Isolating cue evaluation signatures in mouse V1 is challenging because its neural activity can reflect multiple behavioral influences; our task was designed to reduce the impact of such influences, but it also has its shortcomings. Key features of our task, such as self-initiation of trials ensuring constant task engagement, constant running speed, and a delayed reward, allowed us to compare responses to the cues during the task, while controlling for the impact of arousal (Vinck et al., 2015; Reimer et al., 2016), locomotion (Niell and Stryker, 2010; Erisken et al., 2014; Dadarlat and Stryker, 2017), and task engagement (Jurjut et al., 2017; Pho et al., 2018; Jacobs et al., 2020). Yet, to assess baseline neural discriminability, we relied on the sensory control condition, during which the temporal structure of stimulus presentation and the overall arousal level of the mice were different. Although neural discriminability did not depend on locomotion per se, we cannot rule out that stimulus timing or arousal contributed to the difference in discriminability between sensory control and task condition. We also did not monitor orofacial features, such as movements of the face, the nose, or whiskers (Musall et al., 2019; Stringer et al., 2019; Salkoff et al., 2020), whose impact on V1 activity can be substantial during unconstrained behavior (Stringer et al., 2019) but might be less pervasive when mice are engaged in a visual task (Musall et al., 2019).
One of our findings is that substantial modulations of V1 responses were revealed only under tight control of eye positions. Even under head fixation, mice make saccadic eye movements (Sakatani and Isa, 2007; Payne and Raymond, 2017; Meyer et al., 2018, 2020; Samonds et al., 2018), whose size can depend on stimulus properties (Samonds et al., 2018) and whose frequency increases with running (Niell and Stryker, 2010; Keller et al., 2012; Ayaz et al., 2013; Bennett et al., 2013). Broadly consistent with the notion that saccades in head-fixed mice are related to attempted head movements (Meyer et al., 2020), we found that saccades were reliably preceded by acceleration. Systematic differences in eye position across behavioral conditions (Keller et al., 2012; Liang et al., 2020) required a stringent eye position matching procedure (Roelfsema et al., 1998) because simply collecting more trials would not alleviate such systematic differences. As we show, stratifying mouse V1 responses removes variability related to eye position, which might otherwise mask or reduce effects of interest. Indeed, had we not considered eye position, we would have grossly underestimated the percentage of modulated V1 neurons.

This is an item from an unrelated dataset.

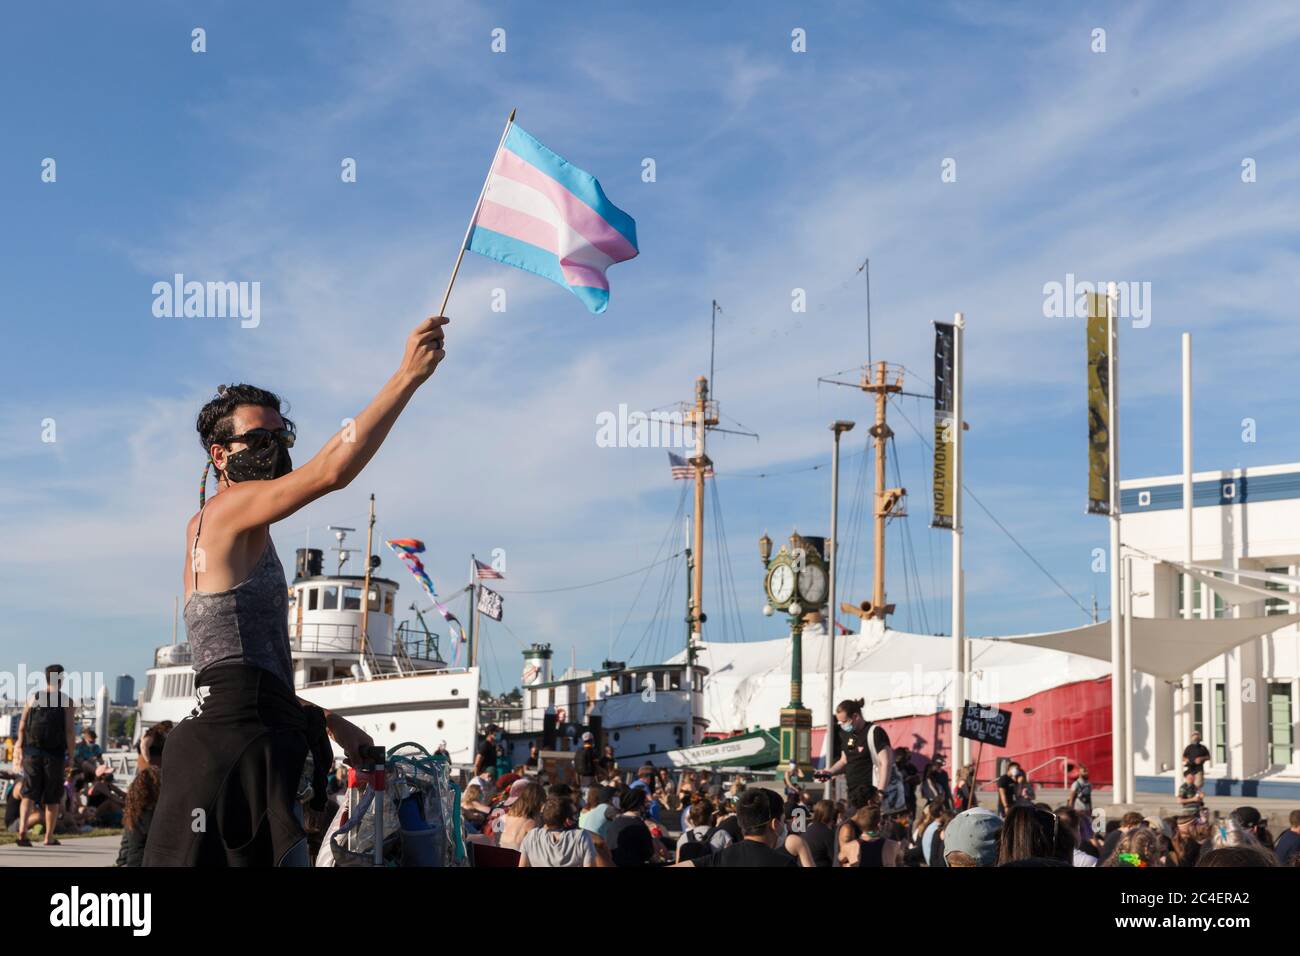 A supporter waves a transgender pride flag at the Museum of History & Industry during the All Black Lives Matter March, on South Lake Union in Seattle on Thursday, June 25, 2020. The march was held in support of the Black LGBTQ+ community and in solidarity for the murders of Riah Milton and Dominique Rem’mie and other black trans women. Stock Photo

A key feature of our behavioral task is that mice self-initiate each trial by running (see also Marques et al., 2018), which we chose to aim for a constant level of task engagement. One might suspect that this requirement for running negatively affects performance, given previous reports of poorer visual performance during hyperaroused states, including running (McGinley et al., 2015; McBride et al., 2019; Neske et al., 2019; Salkoff et al., 2020). We found, however, that running is not detrimental to visual performance in our task, with a post-learning average d' of almost 3. Similarly, in earlier work, running also did not compromise motion coherence thresholds during direction discrimination in random dot patterns (Marques et al., 2018). One potential explanation for this apparent contradiction might be that, in Go/No-go tasks without self-initiation of trials, periods of running or hyperarousal might coincide with lower task engagement, which might underlie the poorer visual performance. A similar argument has recently been proposed for the low arousal case, where trials indexed by high amplitudes of low-frequency oscillations were linked to reduced task engagement more than to impaired performance (Jacobs et al., 2020).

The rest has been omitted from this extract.